OPN is a phosphoprotein produced in a variety of tissues including the liver and plays a key role in mediating hepatic inflammation and the migration of inflammatory and cancer cells.74 Serum OPN levels in fulminant hepatic failure patients were higher than those of acute hepatitis patients without liver failure and healthy adults. OPN levels also correlate with the degree of hepatic necrosis in acute liver failure. There is some evidence that OPN is associated with liver repair due to activation of hepatic stem cells. OPN resulted in little variability in the SAFE‐T healthy cohort.58

Elevated serum levels of OPN are detectable in patients with severe liver damage, and patients with high serum OPN levels have a significantly poorer prognosis compared with patients whose serum OPN levels were not elevated.75 OPN has also recently been shown to be a potential predictor of death/transplant in DILI.60 Plasma OPN levels are not specific for DILI and are also significantly elevated in patients with hepatitis, including acute hepatitis, chronic hepatitis, and fulminant hepatitis.76

Proteomics

It is noted that individual proteins have not yet been identified as promising DILI biomarkers. However, proteomics for discovery of new biomarkers is an important consideration when collecting and storing biospecimens. For example, hypothesis‐generating mass spectrometric techniques for semiquantitative and targeted proteomics, as well as innovative panel technologies such as O‐Link immuno‐PCR based approaches, have unique analytical properties that should be incorporated into a biospecimen collection plan.77

Others

Although some recently identified biomarkers for liver injury have generated a high level of interest, some have subsequently been shown to have important limitations. For example, there was early excitement for use of miR‐122 as a specific and sensitive biomarker of liver injury.58, 59, 69 However, recent data in healthy volunteers suggest that this biomarker has high interindividual and intraindividual variability, making the setting of normal reference ranges for the biomarker problematic.60 In addition, miR‐122 levels may also fluctuate with liver disease in the absence of liver injury.78 An exhaustive list of recently investigated biomarkers may be found in Table .

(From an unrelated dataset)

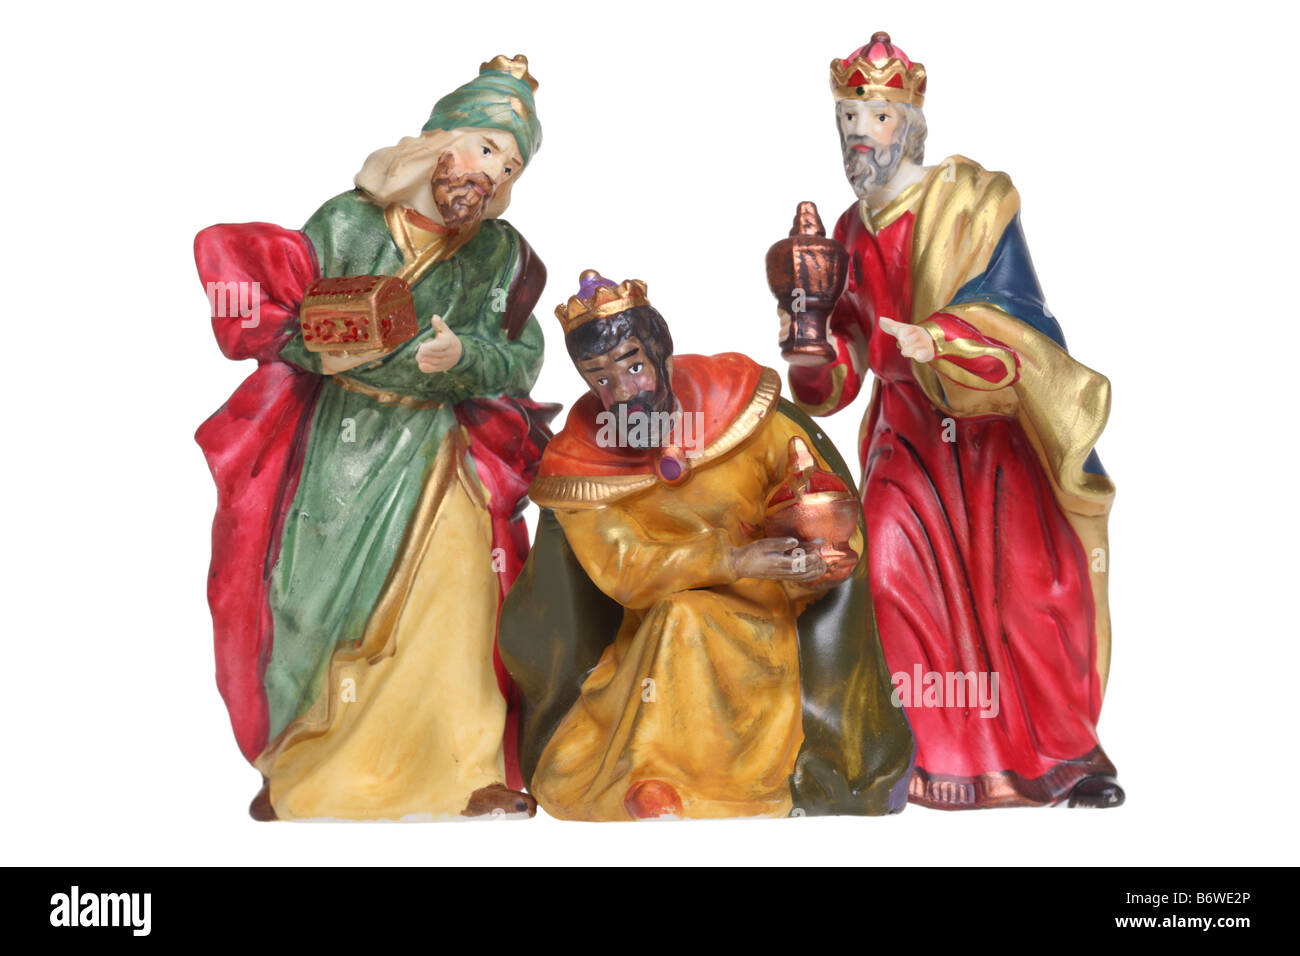 Drei Könige Geburt Szene Figuren Ausschnitt isoliert auf weißem Hintergrund Stockfoto

While the focus of the above‐mentioned biomarkers is on single analyte assays, the best performing ones may be used in combination or as a panel where each biomarker addresses certain mechanisms and/or locations of injury. Ultimately, assay(s) for multiple analytes may be developed to facilitate both DILI prediction and their routine use in a real‐world setting.

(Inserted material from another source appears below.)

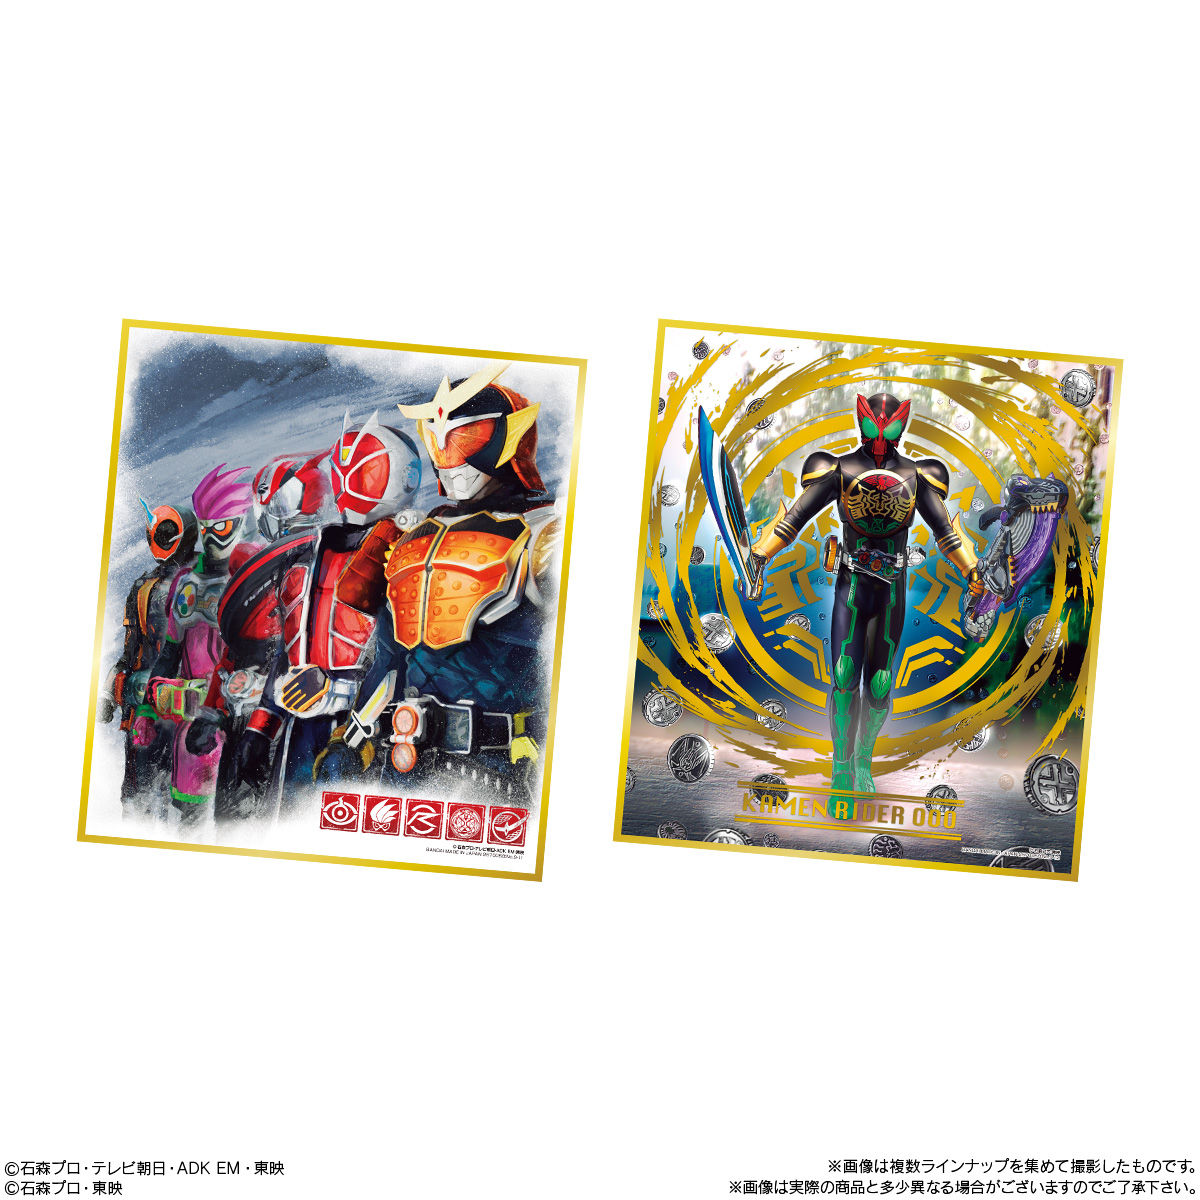 【食玩】仮面ライダー『仮面ライダー色紙ART9』10個入りBOX-007

What Is the Role of Genetic Markers in Predicting DILI?

There is increasing evidence that certain genetic polymorphisms contribute to DILI risk. However, these genetic risk factors appear to be largely drug specific as, to date, no single genetic risk factor has been associated with DILI across multiple drugs or drug classes.

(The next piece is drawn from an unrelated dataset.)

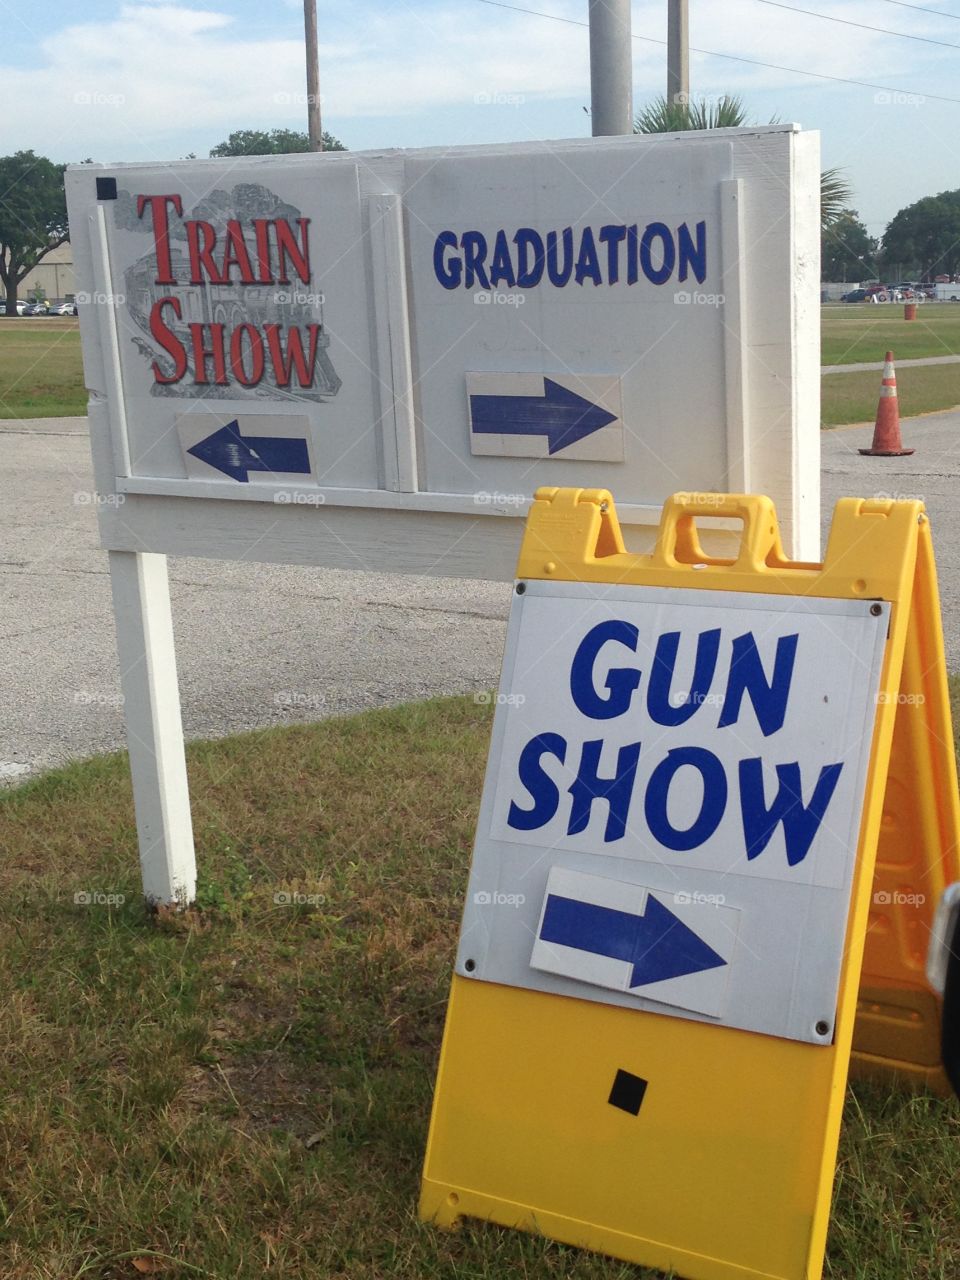 Gun show graduation train show signs

Although there are scattered reports of associations between genetic variants involved with drug disposition and cytokine release with DILI susceptibility, the only consistently reproducible association has been NAT2 polymorphisms due to antituberculosis drugs in Asian populations.79 To date, the only other variants found to be reproducible as significant risk factors involve human leukocyte antigen (HLA) alleles (Table 3).80 This finding, together with specific clinical characteristics of latency to onset and more rapid recurrence on rechallenge, supports a role for the adaptive immune system in idiosyncratic DILI.81

Table 3

Genetic associations with drug‐induced liver injury that have been confirmed in additional patient cohorts

Drug	HLA risk allele or gene	NPV	PPV	References
Amoxicillin‐clavulanate (EU)	A*02:01, B*07:02, DRB1*15:01, DQA1*01:02, DQB1*06:02	0.99	0.011	80
Flucloxacillin	B*57:01	0.99	0.0012	80
Lapatinib	DQA1*02:01	0.99	0.031	80
Ticlopidine	A*33:03	0.98	0.17	80
Ximelagatran	DRB1*07:01	0.95	0.19	80
Isoniazid	NAT2	NA	NA	79

HLA, human leukocyte antigen; NA, not applicable; NPV, negative predictive value; PPV, positive predictive value.

Many of the identified HLA associations have good negative predictive value, but all have low positive predictive value for DILI caused by the suspect drug (Table 3). Thus, the vast majority of people who carry the identified HLA risk alleles will not develop DILI when treated with the implicated drug. To date, there has been only one attempt to introduce genetic testing for the management of DILI risk. This involved lumiracoxib, a cyclooxygenase‐2 inhibitor withdrawn from worldwide markets due to rare but severe liver toxicity.82 The attempt to remarket lumiracoxib by linking treatment to genetic screening83 was unsuccessful. Consequently, the effectiveness of genotyping in order to reduce the risk of DILI due to lumiracoxib has not been determined. Nonetheless, in specific instances for which there is adequate study data, the FDA and the EMA have supported the use of established predictive genotyping to enhance treatment decisions in patient care.84, 85

As genotyping becomes a more common clinical practice, it seems likely that even genotypes with only a high negative predictive value will be used in clinical practice and drug development. For example, the ability to identify a substantial patient subpopulation not at risk for DILI could change the net benefit for the drug in those patients. HLA genotyping could also help identify the most likely causative agent in a patient receiving multiple potentially hepatotoxic medications. For example, if a patient does not carry a known HLA risk allele for a suspect drug (Table 3), then it might reduce the likelihood that the drug is a cause of DILI.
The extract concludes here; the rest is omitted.